[R-sig-ME] Random effects variances in R and SPSS not matching
@|m@h@rme| @end|ng |rom gm@||@com
Wed Mar 31 22:43:04 CEST 2021
Thank you. I'll be happy to give more info. SPSS model syntax is shown on
in Table 14.5, p. 585 (type `606` in page slot) of this book (
The SPSS output is shown on p. 588 (type `606` in page slot).
I should add the covariance between `Y1` and `Y2` exactly match. and the
log-likelihood seems to be almost identical. But variances differ by a lot.
SPSS is using "ML".
Please let me know if I can provide any further information.
Thank you for your prompt reply,
On Wed, Mar 31, 2021 at 3:36 PM Phillip Alday <me using phillipalday.com> wrote:
> Without more information, we don't know for sure that the models are the
> same in both languages.
> It's too much of a time sink for a human to change model details
> randomly until the output matches some expected output, but you could
> probably do something with genetic programming or simulated annealing to
> do that....
> But if you can get more information, I would start by making sure
> - that the contrasts are truly the same
> - assumed covariance structures are the same
> - that one language isn't dropping some observations that the other is
> keeping (check the reporting number of observations levels of the
> grouping var)
> - the estimation method is the same across languages (ML,REML; hopefully
> SPSS isn't using something like quasi-likelihood)

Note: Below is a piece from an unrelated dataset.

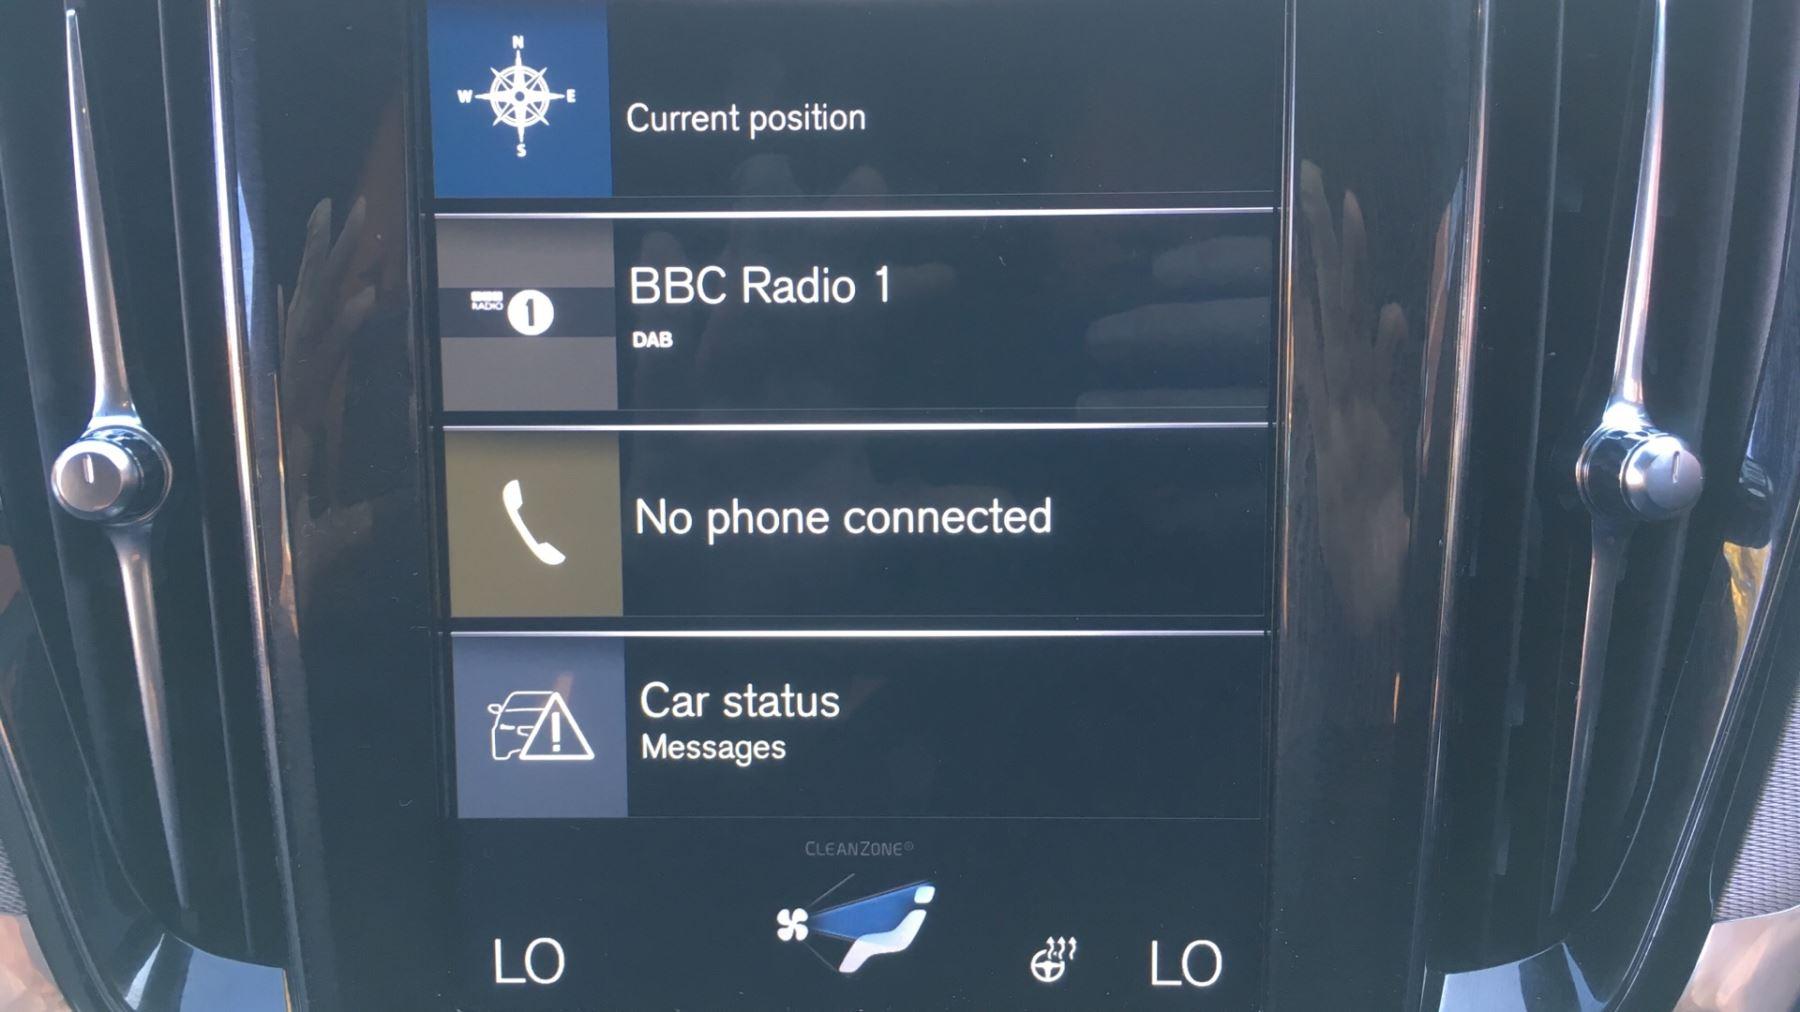 Volvo V60 2.0 D4 [190] R DESIGN 5dr - Volvo on Call, DAB Radio, SAT NAV, Park Assist image 24

> - different optimizers (if available) give the same result across
> languages (i.e. make sure you're not in a local optimum)
> - cross checking the result against yet another software package
> For example, cross-checking against lme4 immediately hints that this
> model might not be advisable / have a well-defined optimum:
> > m2.4 <- lmer(value ~0 + name + (0 + name| Student), data = dat,
> Error: number of observations (=1600) <= number of random effects
> (=1600) for term (0 + name | Student); the random-effects parameters and
> the residual variance (or scale parameter) are probably unidentifiable
> On 31/3/21 10:15 pm, Simon Harmel wrote:
> > Dear All,
> > For my reproducible model below, SPSS gives the variance component of
> > 119.95 for Y1, and 127.90 for Y2.
> > But in `nlme::lme()` my variance components are 105.78 for Y1 and 113.73
> > for Y2.
> > Can we make the `lme()` reproduce the SPSS's variance components?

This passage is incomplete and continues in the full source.